When the old woman returns, she holds a stack of notebooks, Fulton’s cherished Fontaines, wrapped loosely in a shred of stained leather. The sacred scrolls, of course. What did she do? Lila Mae can see it: she’s removed some bricks from the back wall of the dumbwaiter shaft and opened up a shallow dark hole. Where the texts waited. They stand for a minute, the two colored women, face to face, a generation and two feet apart, djinns of dust whirling in the shafts of afternoon light between them. Lila Mae takes the notebooks into her hands. It’s a good weight. She asks, “What made you send out the packages?”

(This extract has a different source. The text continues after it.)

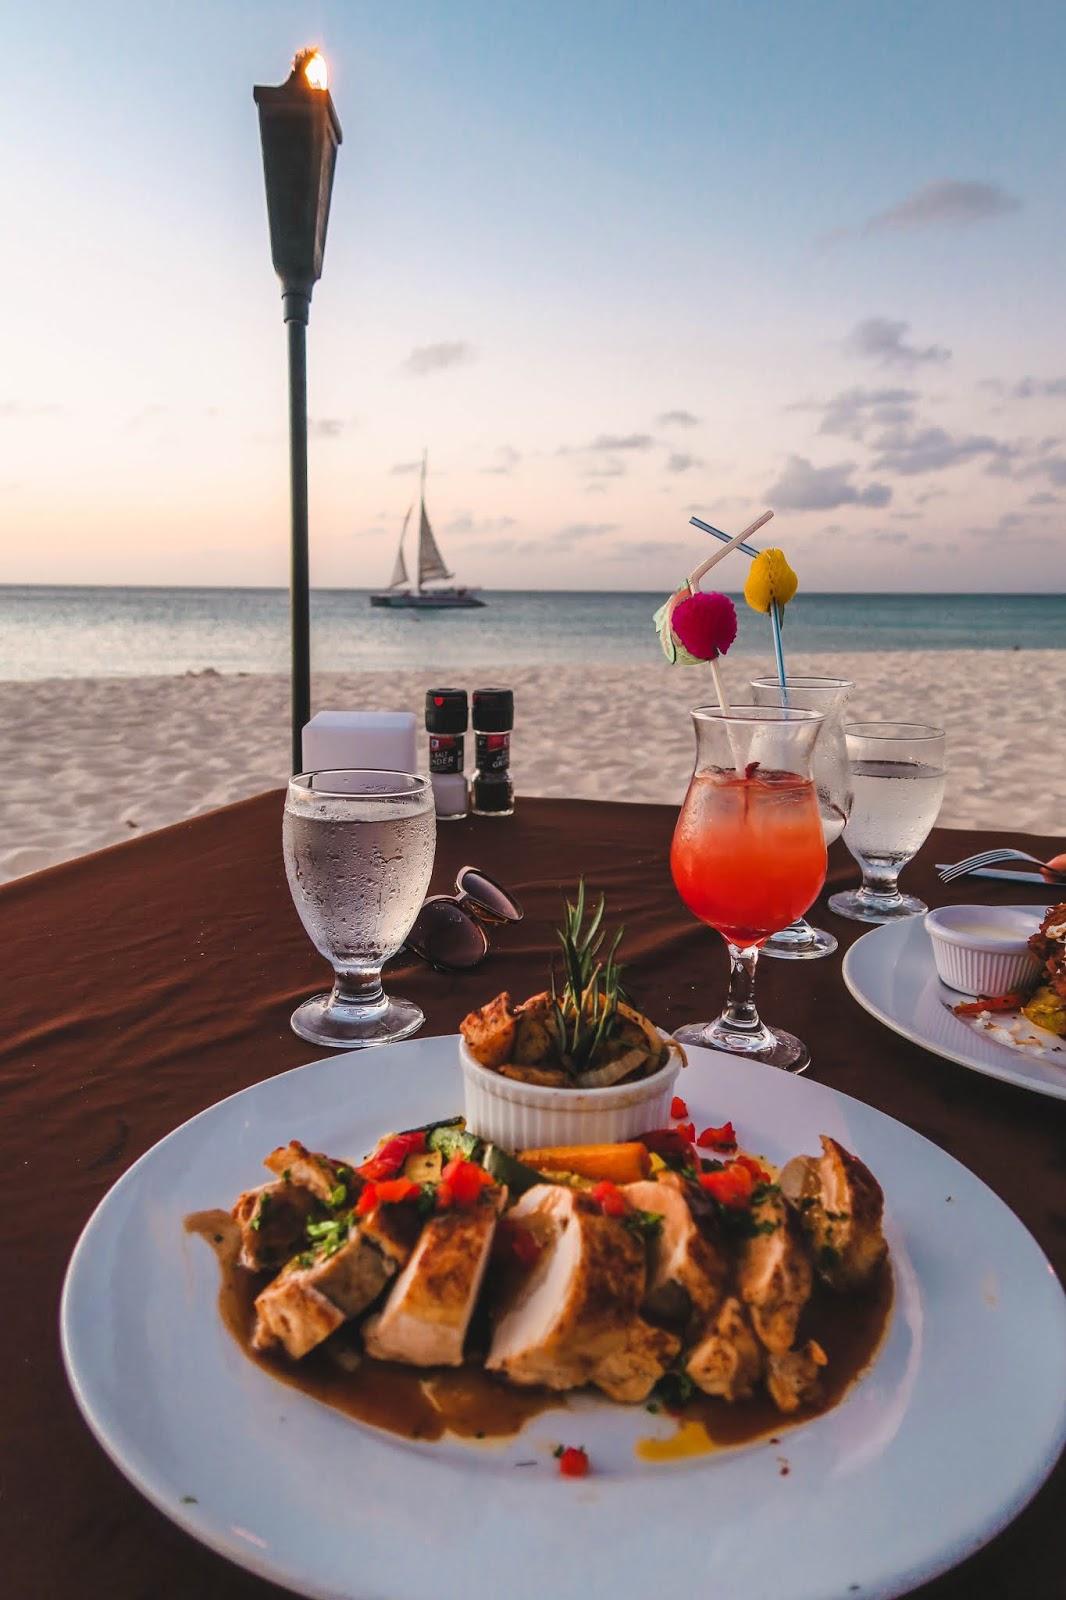 Dinner on the beach Aruba

The old woman says, “He left instructions. He said when I sent them out, someone would come.”

* * *

She got lucky the first place she checked out. She wanted to live in the colored part of the city after so long in the pale alien territory of the Institute. Graduation exercises done, Lila Mae was on her own. She needed a place to live because she had a job in the city. The first colored woman in the Department of Elevator Inspectors. She wanted to tell all the people on the sidewalk of her accomplishment, that old dignified lady on the stoop fanning herself with a newspaper, the steel-eyed cop on the corner with the sun in his buttons. That she’d made it through. The first woman of her race to earn a badge. Grab their shoulders and shake them. They wouldn’t care, of course. No one knew what kept this city up and climbing. They didn’t know her and it was the first hot day of summer.

It was the island’s colored neighborhood but it was not the colored town she’d grown up in. It had come into being overnight when the industrialists’ tunnels broke the surface and they laid a sign:
SUBWAY STOP HERE
. These rowhouses, tenements, the lines of them across the Island from river to river. That’s how the first tenants found this neighborhood and that’s how she found it. She emerged from the heat of the underground tunnel and pondered the intersection. Any street as viable as any other. Lila Mae randomly picked one amiable block. Halfway down, after dodging the white spray of an open fire hydrant, she saw the sign.
ROOMS FOR RENT
, the little afterthought
VACANCY
swinging on two iron hooks beneath it.